DESCRIPTION OF THE TASK >>
Return the lines below exactly, please, from the one containing "Le cheval sauvage, ou" through the last one, both included, and leave out any pictures.

INFORMATION PROVIDED >>
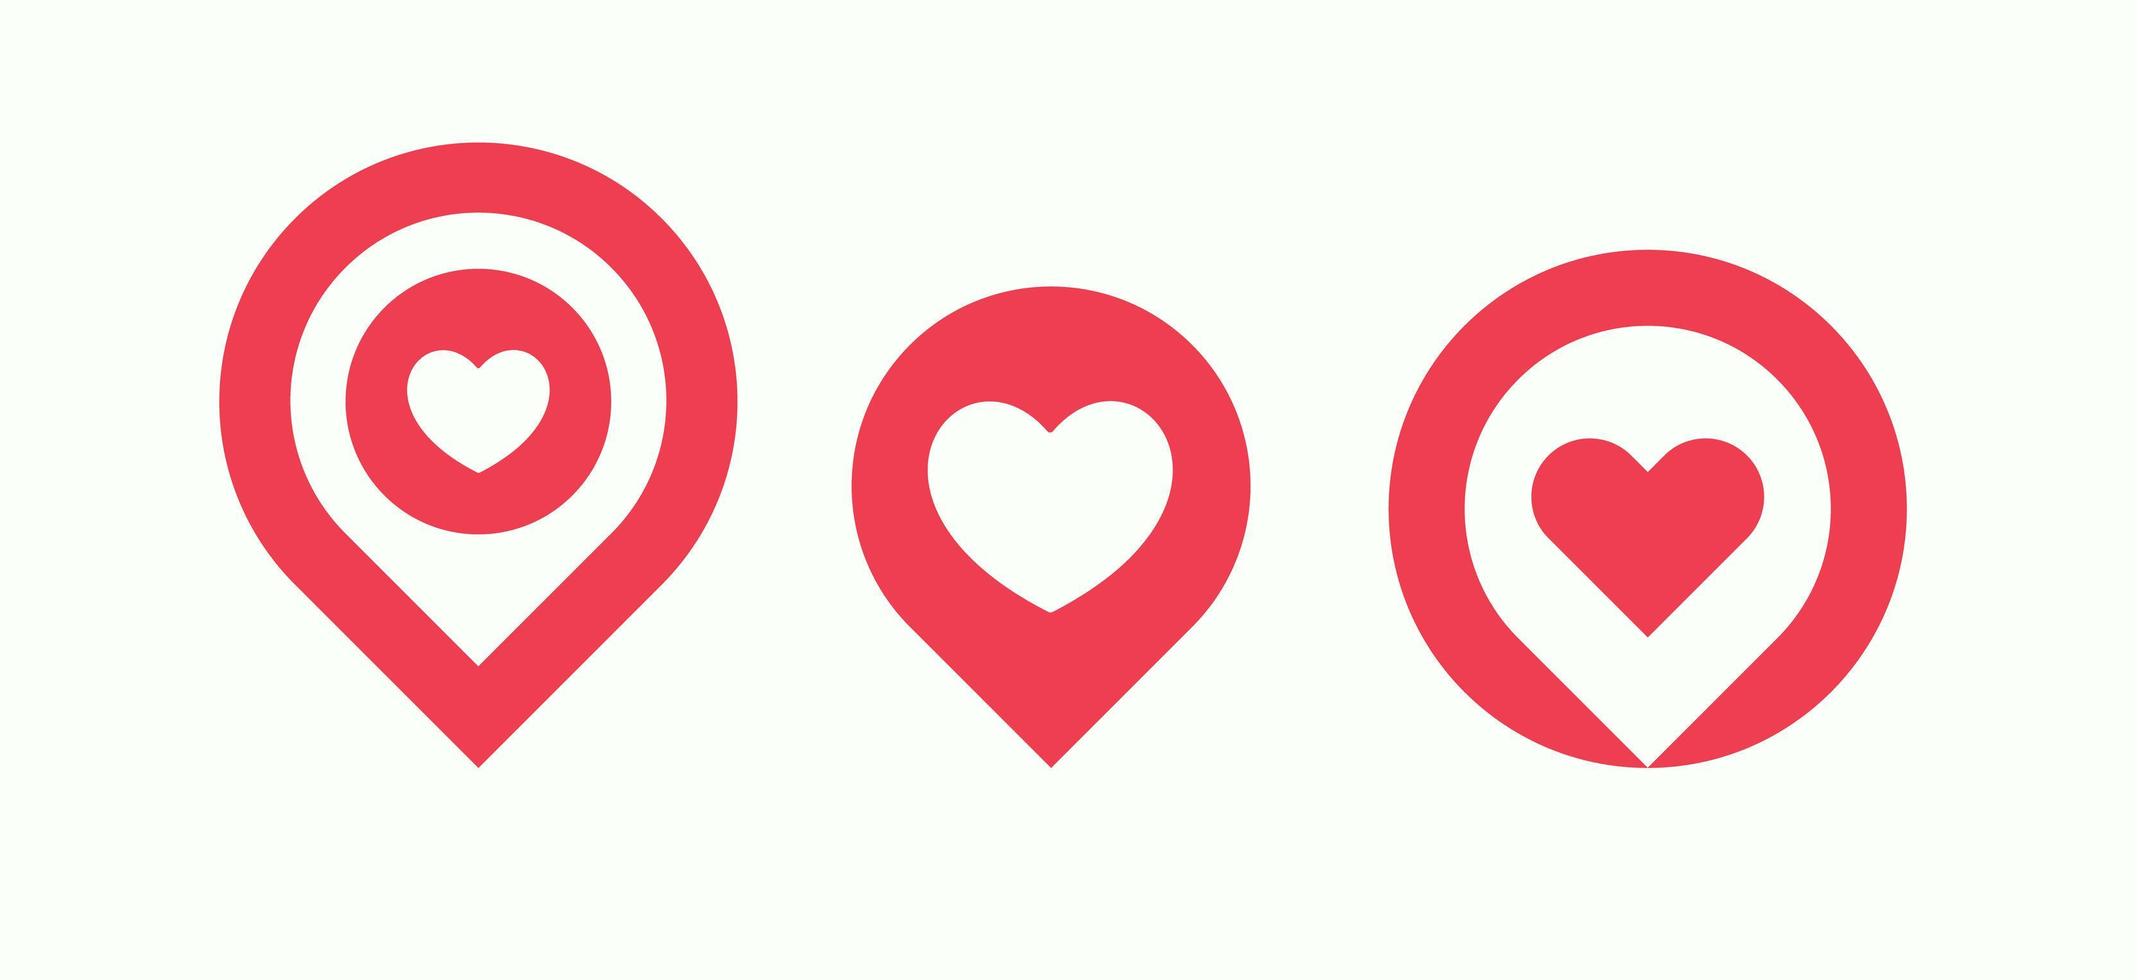 favoriete plaatsen icon set, geliefde plaatsen pin collectie, liefde locatie aanwijzer met hart, geïsoleerde vector logo sjabloon.
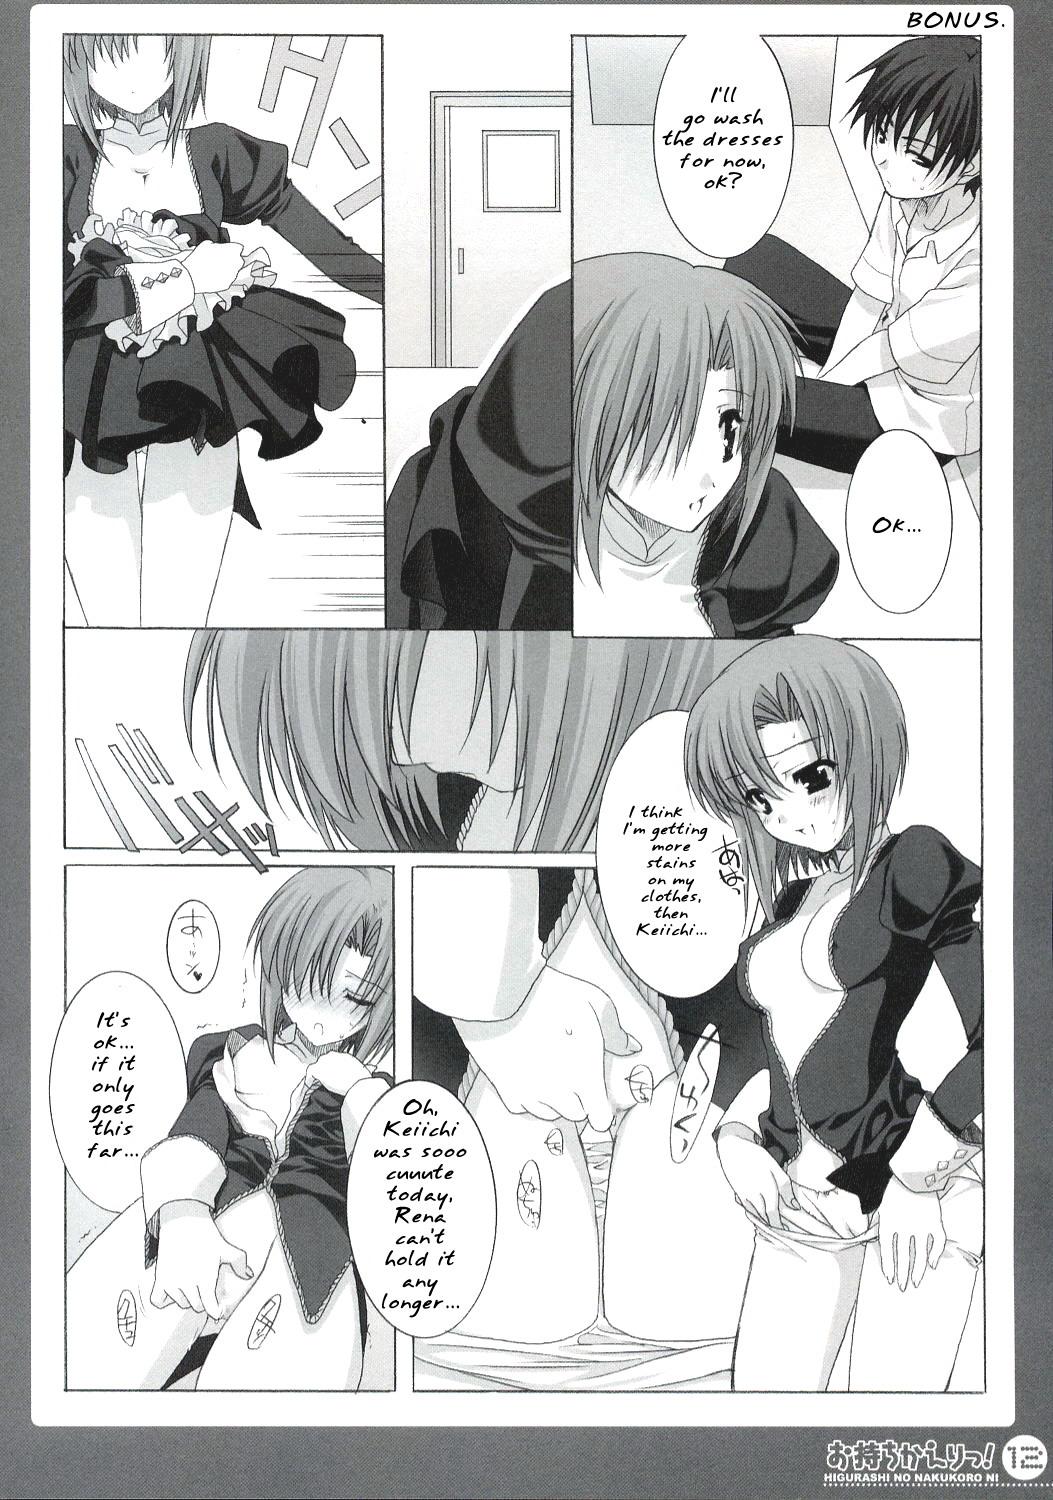 White Omochikaeri! - Higurashi no naku koro ni Nerd - Page 11
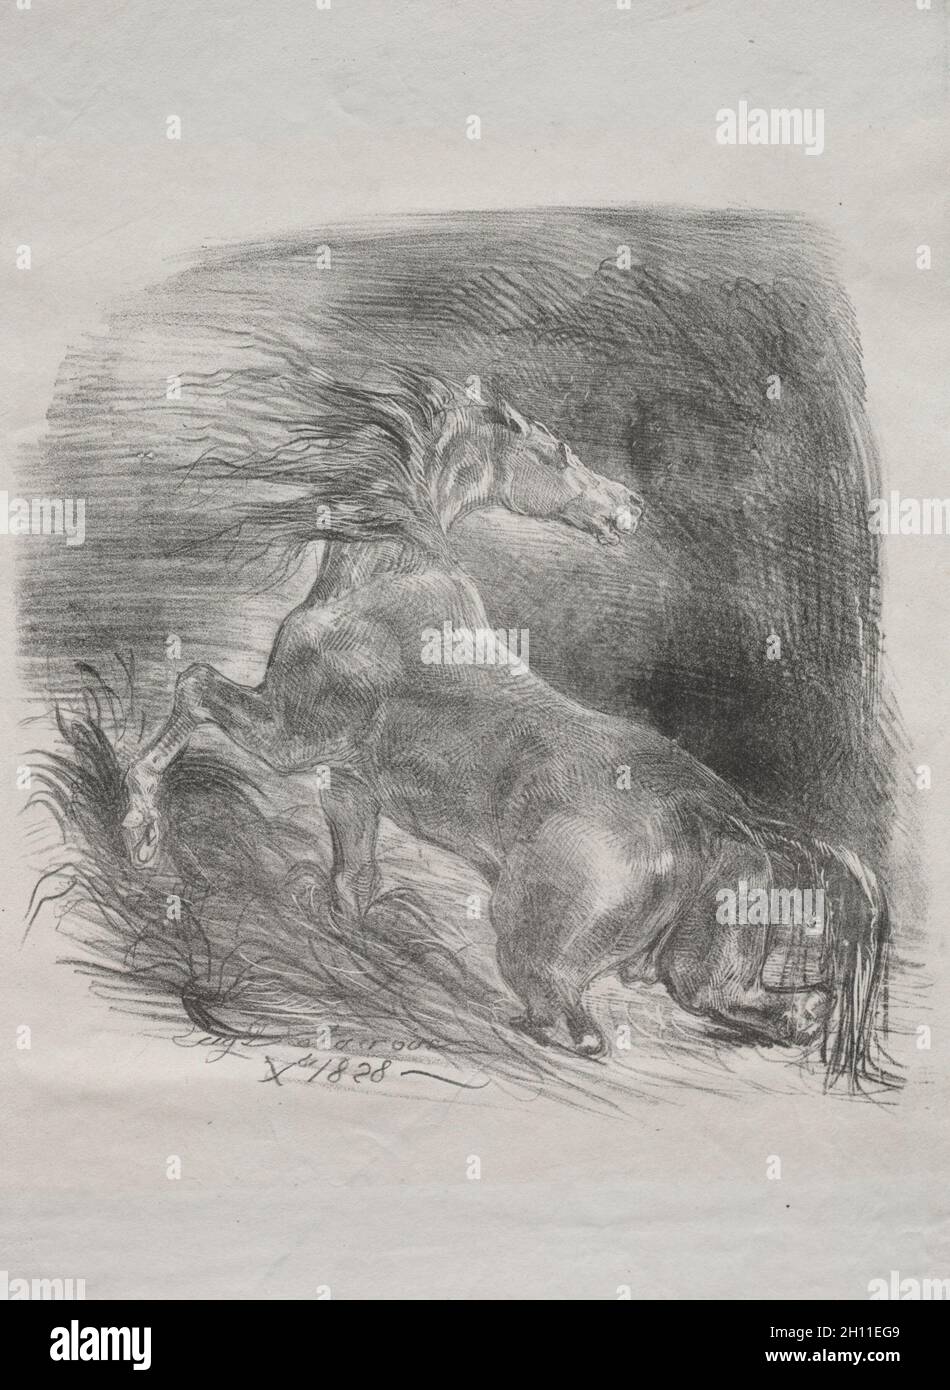 Le cheval sauvage, ou le cheval effrayé quittant l'eau, 1828.Eugène Delacroix (français, 1798-1863).Lithographie; feuille: 34.3 x 27.1 cm (13 1/2 x 10 11/16 po.); image: 23.5 x 24 cm (9 1/4 x 9 7/16 po.). Banque D'Images
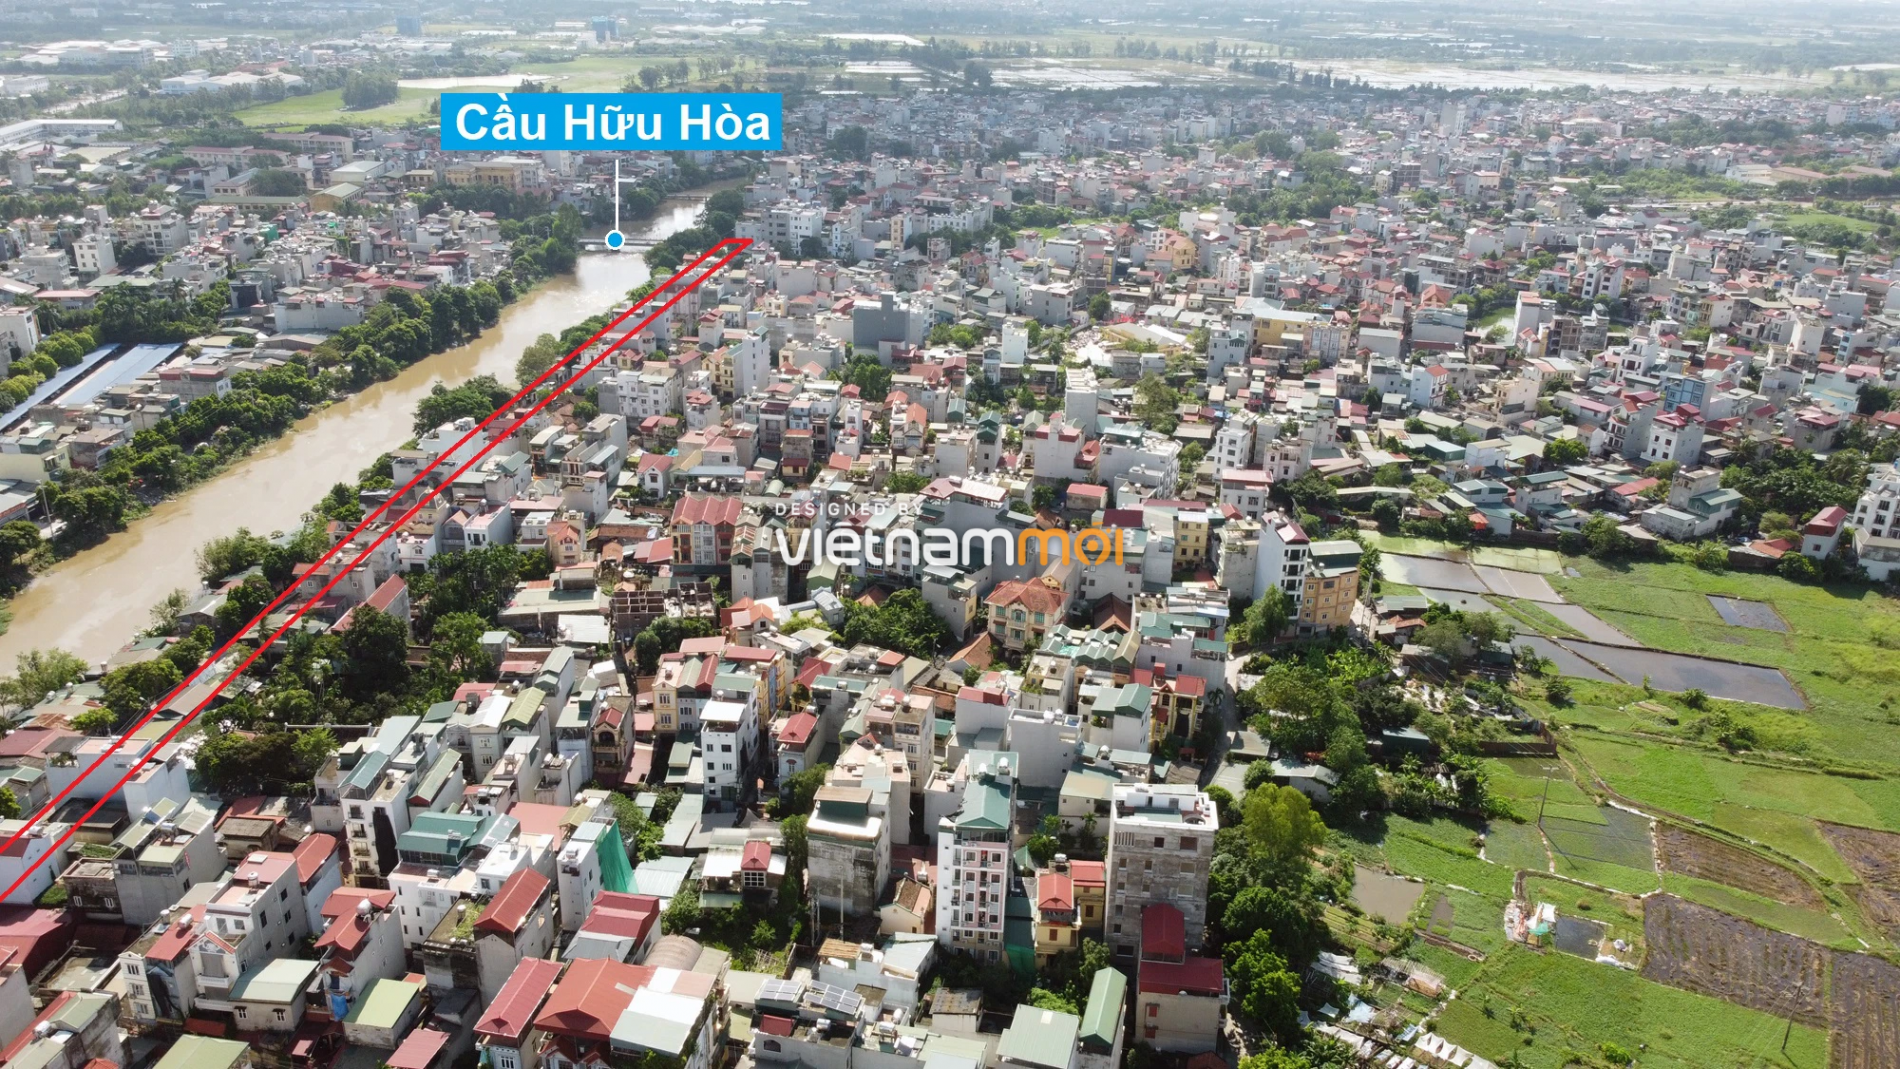 Những khu đất sắp thu hồi để mở đường ở xã Hữu Hòa, Thanh Trì, Hà Nội (phần 5) - Ảnh 6.

RESULT OF THIS TASK >>
 Le cheval sauvage, ou le cheval effrayé quittant l'eau, 1828.Eugène Delacroix (français, 1798-1863).Lithographie; feuille: 34.3 x 27.1 cm (13 1/2 x 10 11/16 po.); image: 23.5 x 24 cm (9 1/4 x 9 7/16 po.). Banque D'Images
 Những khu đất sắp thu hồi để mở đường ở xã Hữu Hòa, Thanh Trì, Hà Nội (phần 5) - Ảnh 6.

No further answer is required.